A young owl doesn’t fall out of the tree while it snoozes, because its back toe, the hallux, holds onto the branch. The hallux will not open or let go until the bird bends its leg. Still, before they can fly, most owlets explore and often end up on the ground, sometimes dropping right into the middle of our lives.

 I’m Mary McCann for Bird Note.

NEW FLIGHT CAGE

  

Stan Misevich
Interior of Flight Cage

We have a new flight cage on the property of Tempie Stahlin, a long time volunteer at the Bird Center.
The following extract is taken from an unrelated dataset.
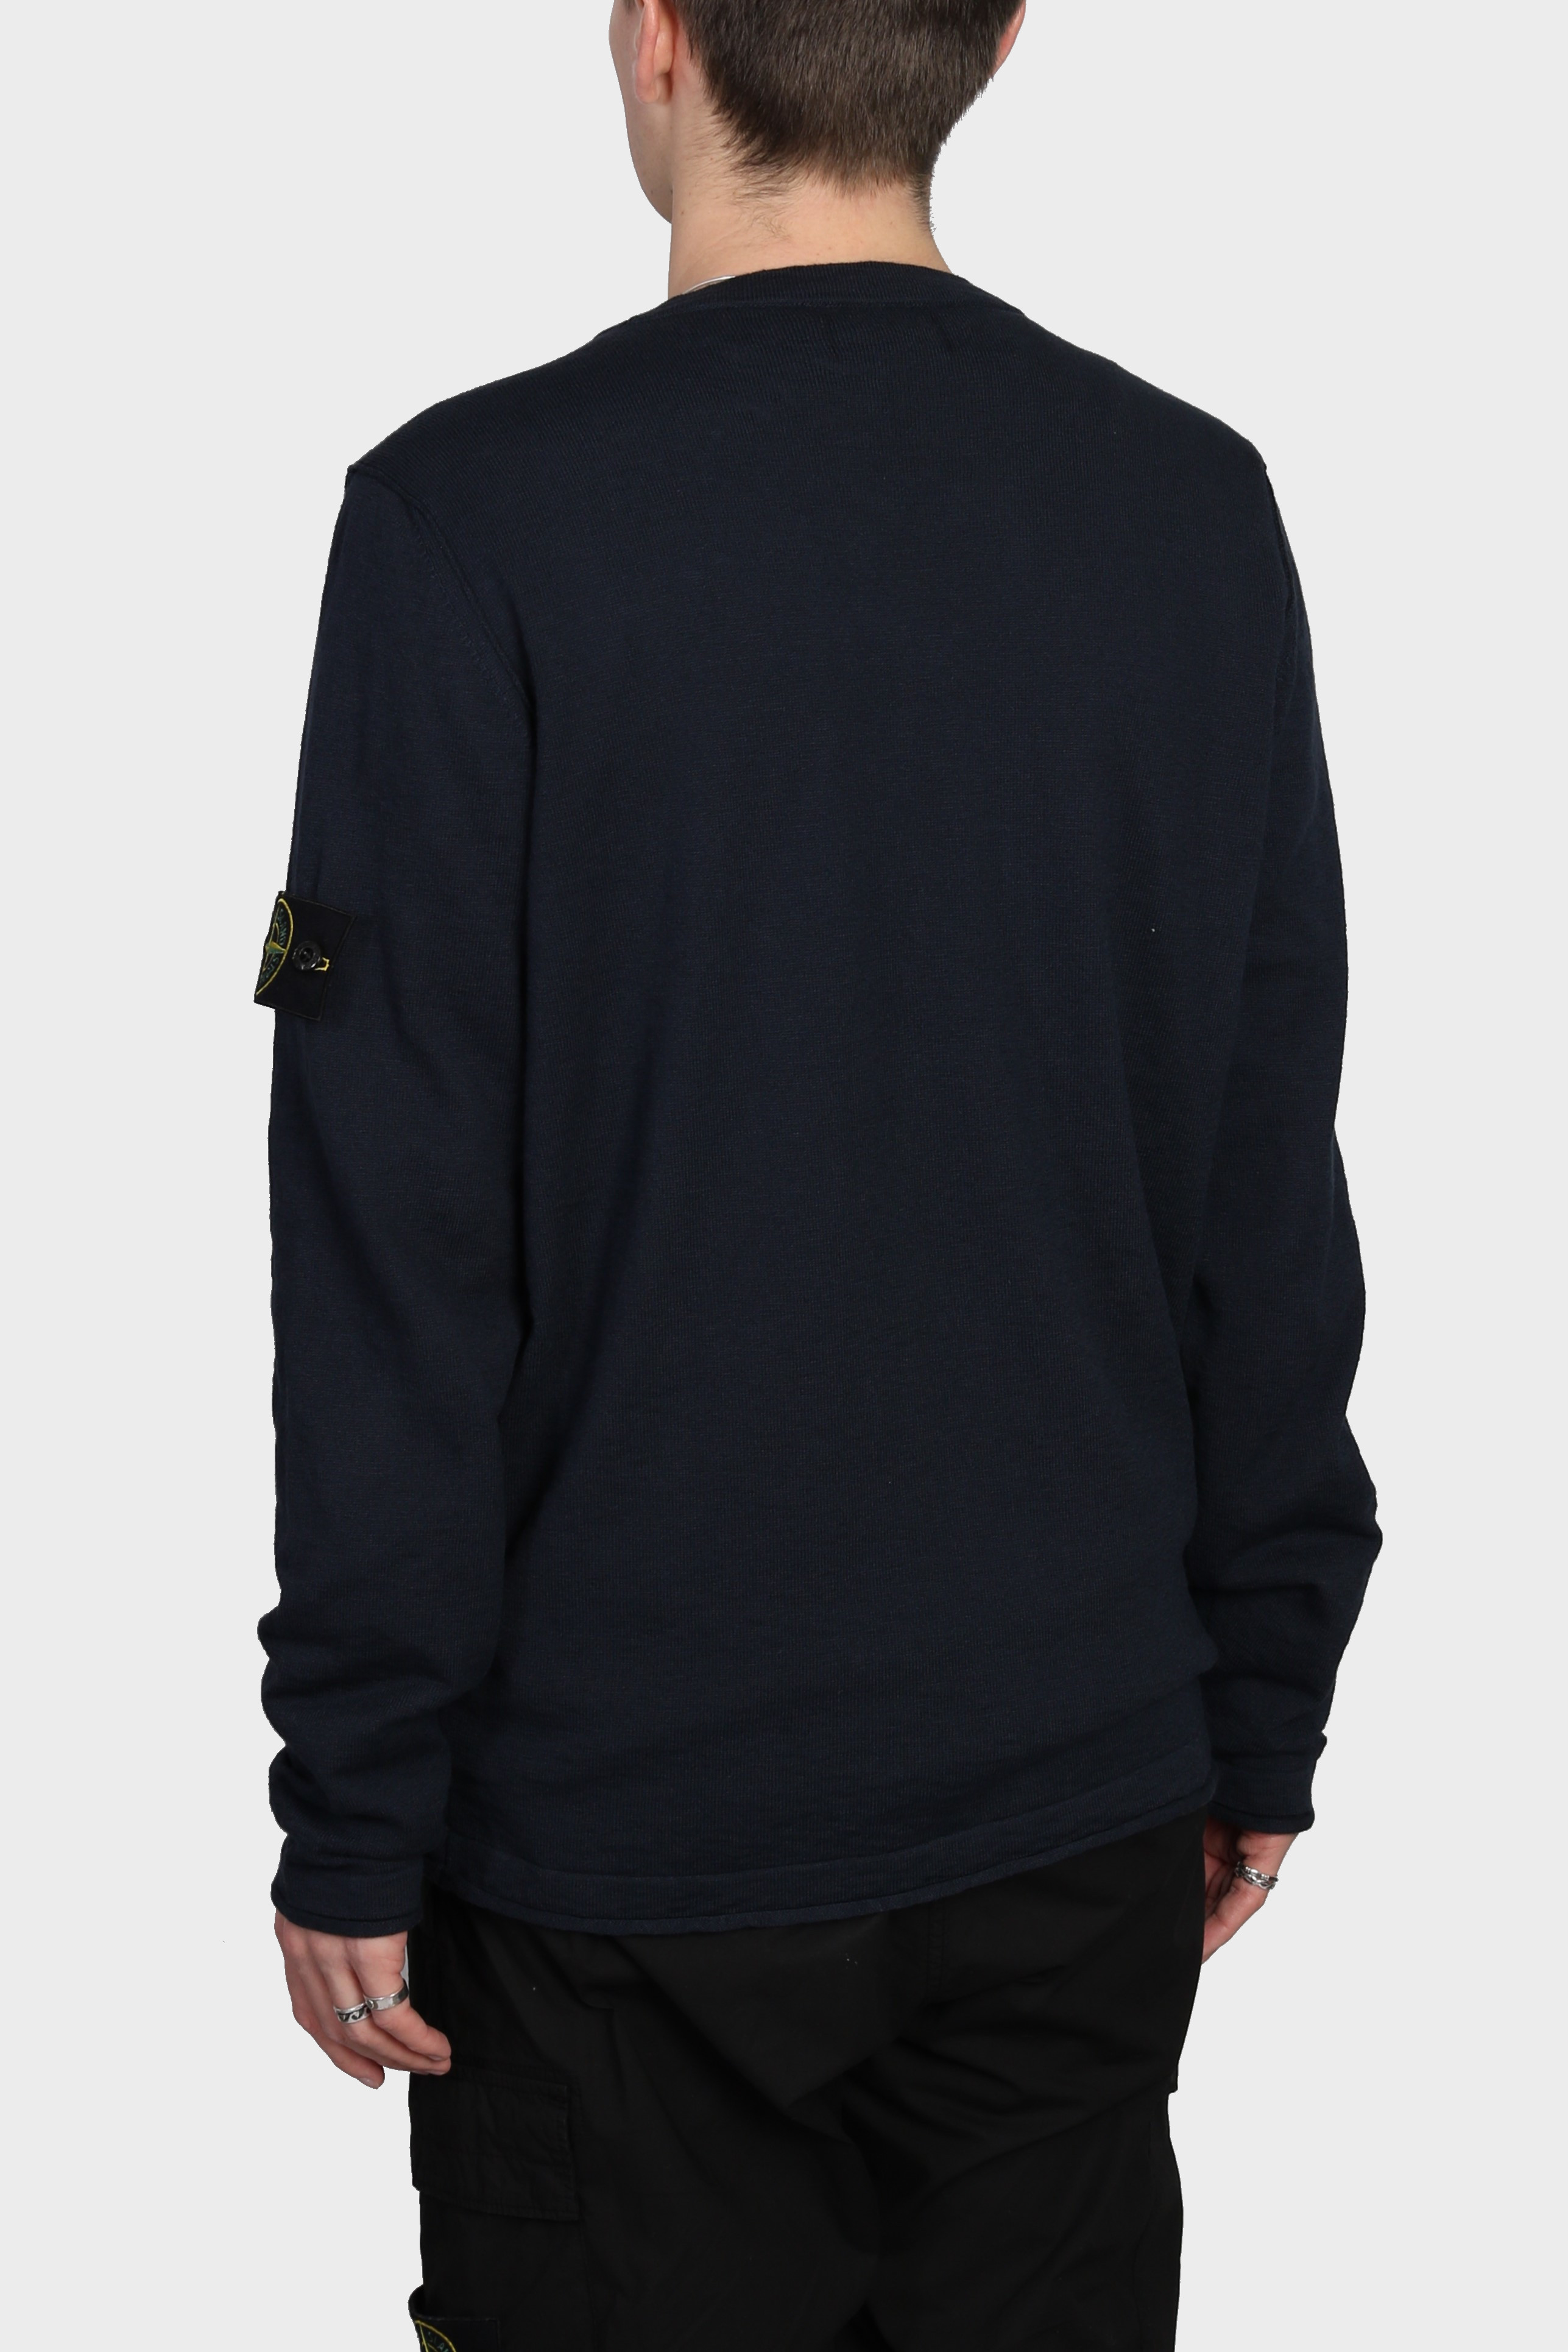 STONE ISLAND Summer Knit Pullover in Navy M

This brings our total of 4 cages that are used for birds who need a little practice  flying before being  released back into the wild.  Tempie’s previous cage was crushed by a falling oak tree and needed to be replaced.
The new cage was built by Eagle Scout Stanley Misevich, his dad and a crew of friends over several weekends so that Stanley could earn his Eagle Scout badge.  Stanley created the plans for the cage, had them approved by the Boy Scout Board, and raised all the money to pay for it.  Stanley juggled this project while in his final year of high school, working part time at a bowling alley, and practicing for a major role in the Dexter Drama Club’s production of The Lion King.
THANK YOU STANLEY and the crew
FOR BUILDING THIS BEAUTIFUL FLIGHT CAGE!
 
 
 
Matthaei Botanical Gardens Trail
Grand Opening Celebration
 
Saturday, October 14, 2017 – 9:30am to 12:00pm
Matthaei Botanical Gardens, 1800 N. Dixboro Rd., Ann Arbor, MI 48105
On Saturday, October 14, the newly constructed Matthaei Botanical Gardens Trail will officially be open to the public! The 2-mile paved trail connects the University of Michigan Botanical Gardens with Parker Mill Park and the Washtenaw County Border-to-Border trail system.
The celebration will include a mobile bike repair stand, face-painting, coffee trucks, membership incentives, children’s activities in the Gaffield Children’s Garden, garden tours, and an official ribbon cutting. Please join us from 9:30am to noon to celebrate the grand opening of the trail near the Campus Farm off the gardens’ south entrance.